If you take a look at Windows Task Manager or Mac Activity Monitor while Chrome runs, you can see the Google Chrome Helper process taking up your system resources, but what is Google Chrome Helper and is it possible to disable it?  To help you, here’s everything you need to know about the Google Chrome Helper process.

What is Google Chrome Helper?

At its core, Google Chrome is a pretty standard web browser. It allows you to visit pages, save bookmarks, change your default homepage, and more—all features you’d expect to see in a browser. If you want more features, then you’ll need to install third-party Chrome extensions. These are add-on features, created by outside developers, that extend the functionality of the Chrome browser. There are plenty of great Chrome extensions to try, but there are also a lot of less useful (and potentially risky) extensions, too. There are also extensions to Chrome’s functionality, named plugins, that certain websites will use to extend functionality.
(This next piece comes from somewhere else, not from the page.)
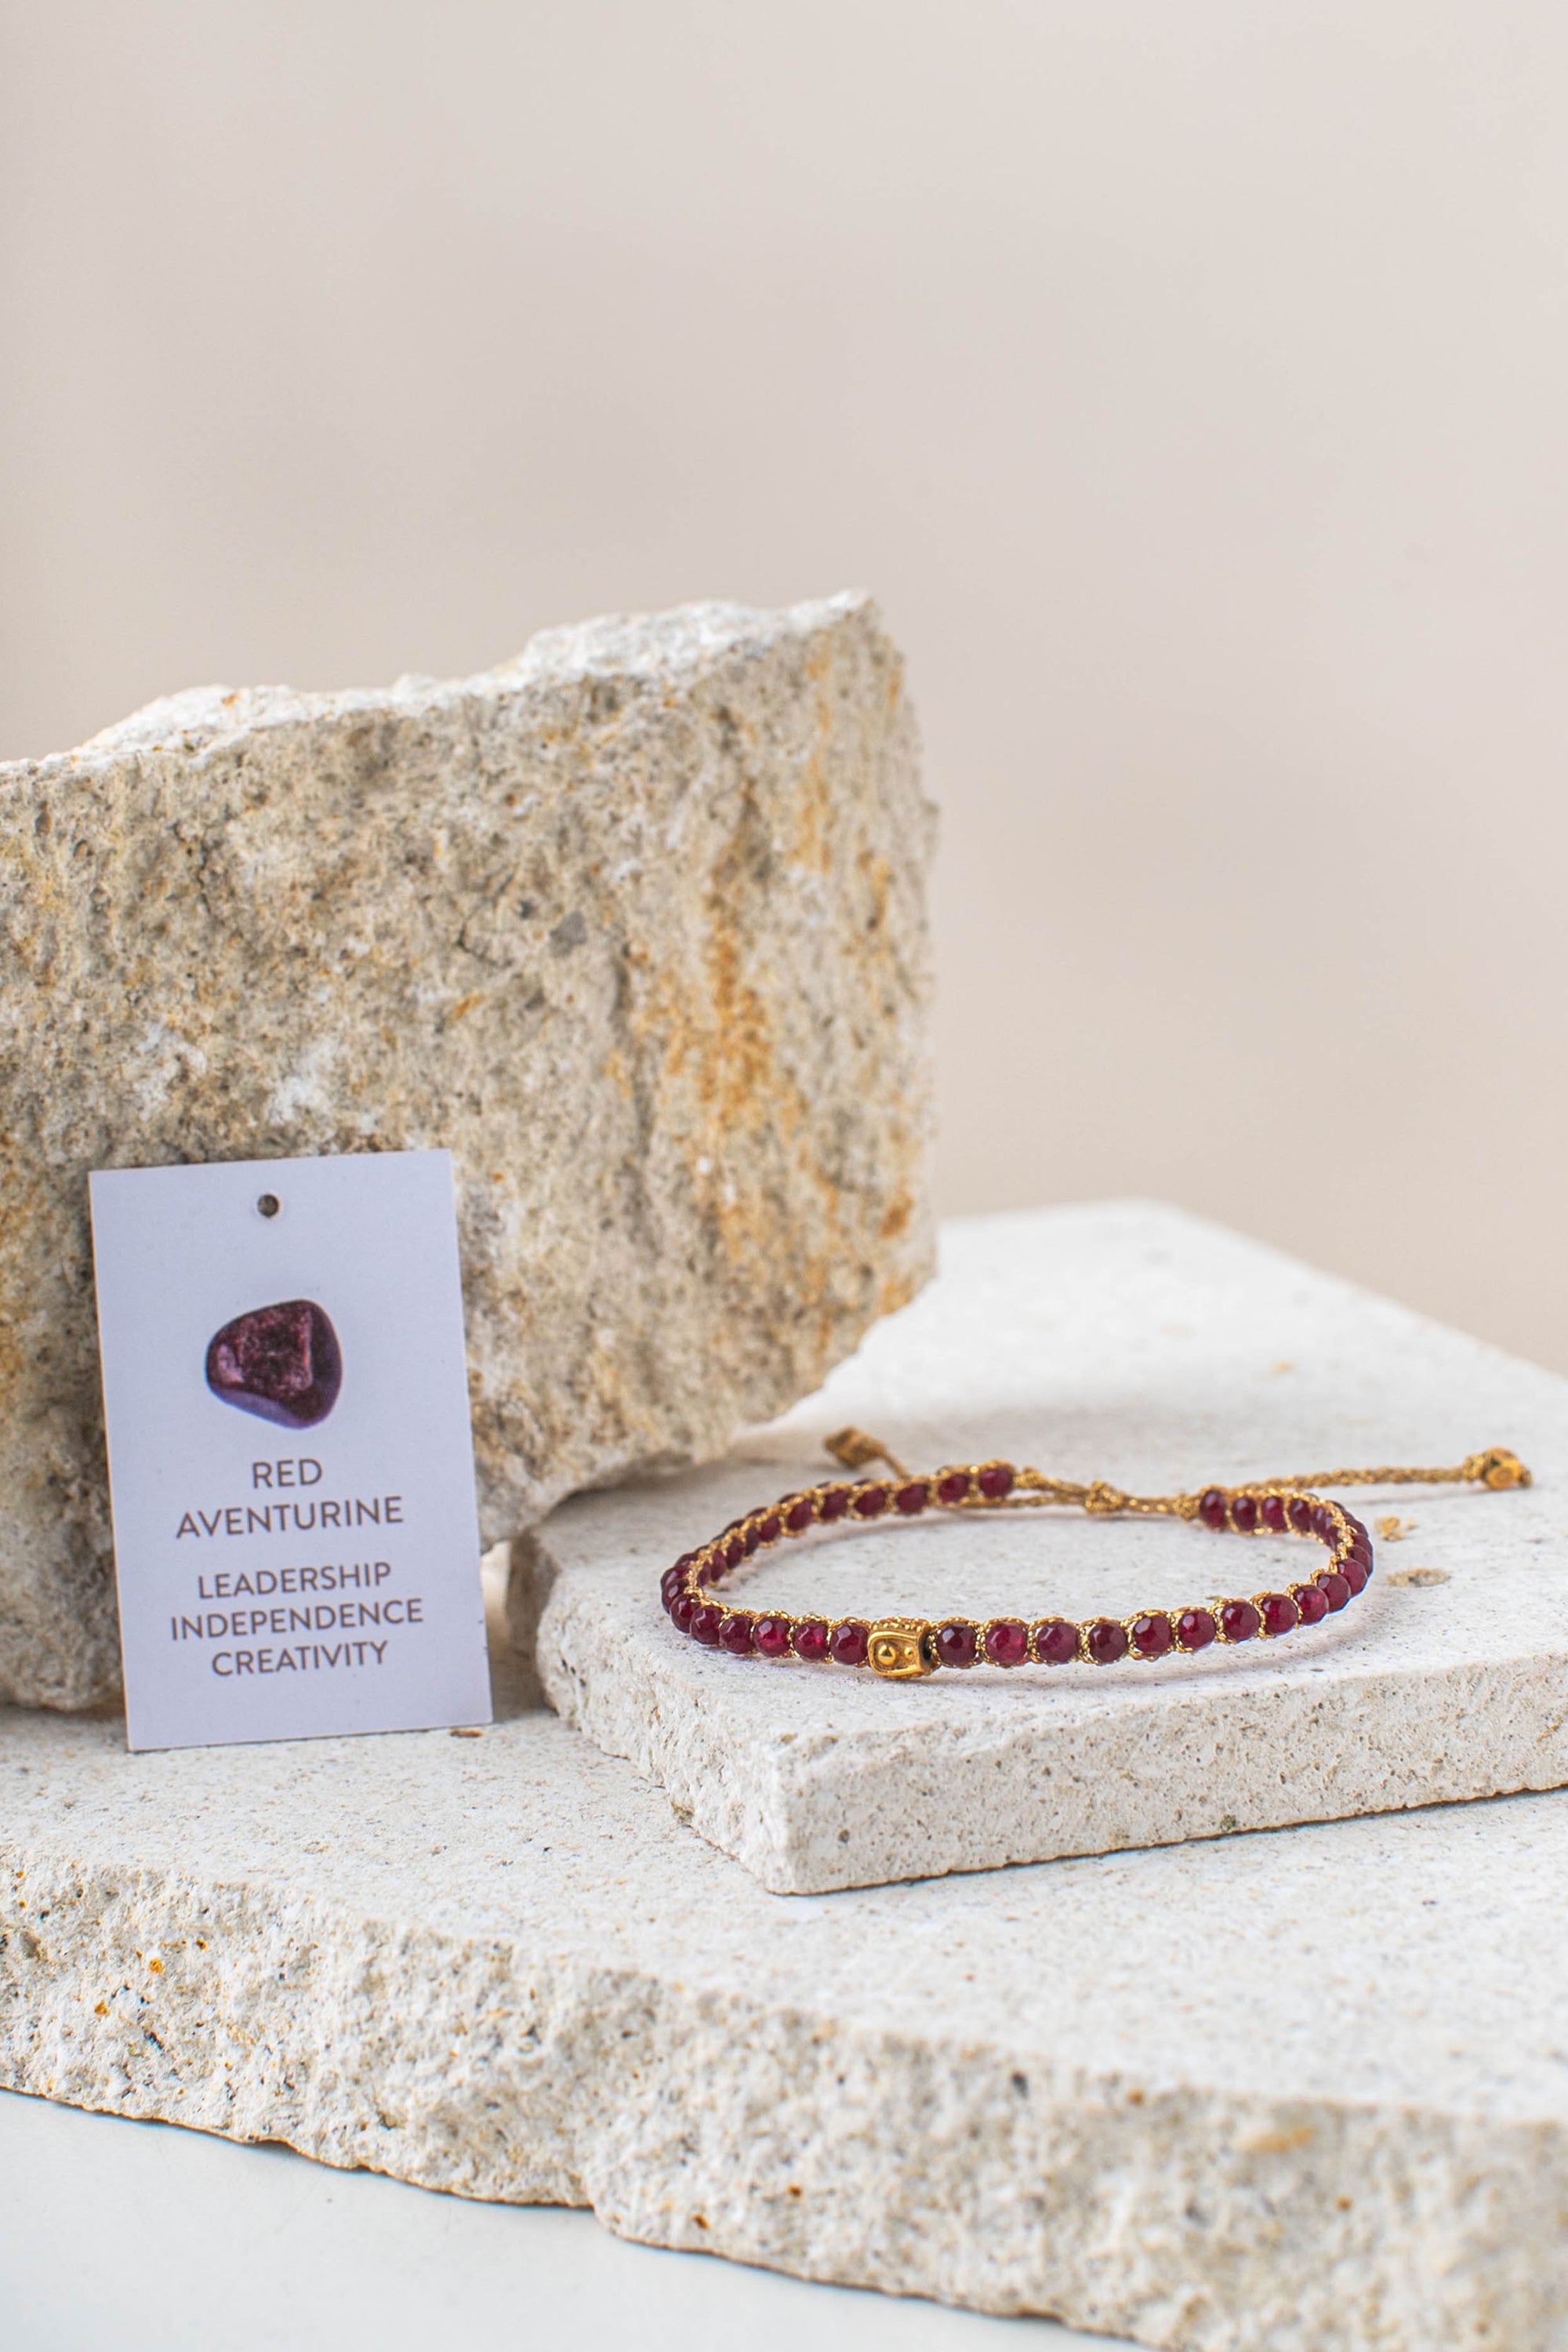 Red Aventurine Stone Bracelet For Leadership, Independence And Creativity

For instance, a website may have a third-party plugin to enable video playback or to access certain hardware components. This is where the Google Chrome Helper component of the Chrome browser becomes useful. The Google Chrome Helper process (and the Google Chrome Helper (Renderer) process) is a generic name for third-party content loaded in your browser, whether it’s a third-party extension or embedded content like a video player. In particular, these are plugins that typically require additional system access outside of standard plugins and extensions. For instance, a site that installs new software through the Chrome browser will require an unsandboxed plugin that has the authority to access resources outside of Chrome itself. Most users won’t notice that it even exists. However, if your PC or Mac seems sluggish using Chrome, Google Chrome Helper could help you trace the problem. A bad extension or resource-heavy pages using third-party plugins will cause Chrome Helper to hit maximum CPU or RAM usage in certain circumstances. This is one reason why Adobe Flash in Chrome proved problematic, leading to Google blocking it by default. Before Google disabled Flash support, websites using Flash would need to access the appropriate Flash plugin, potentially causing Chrome to slow down or crash entirely.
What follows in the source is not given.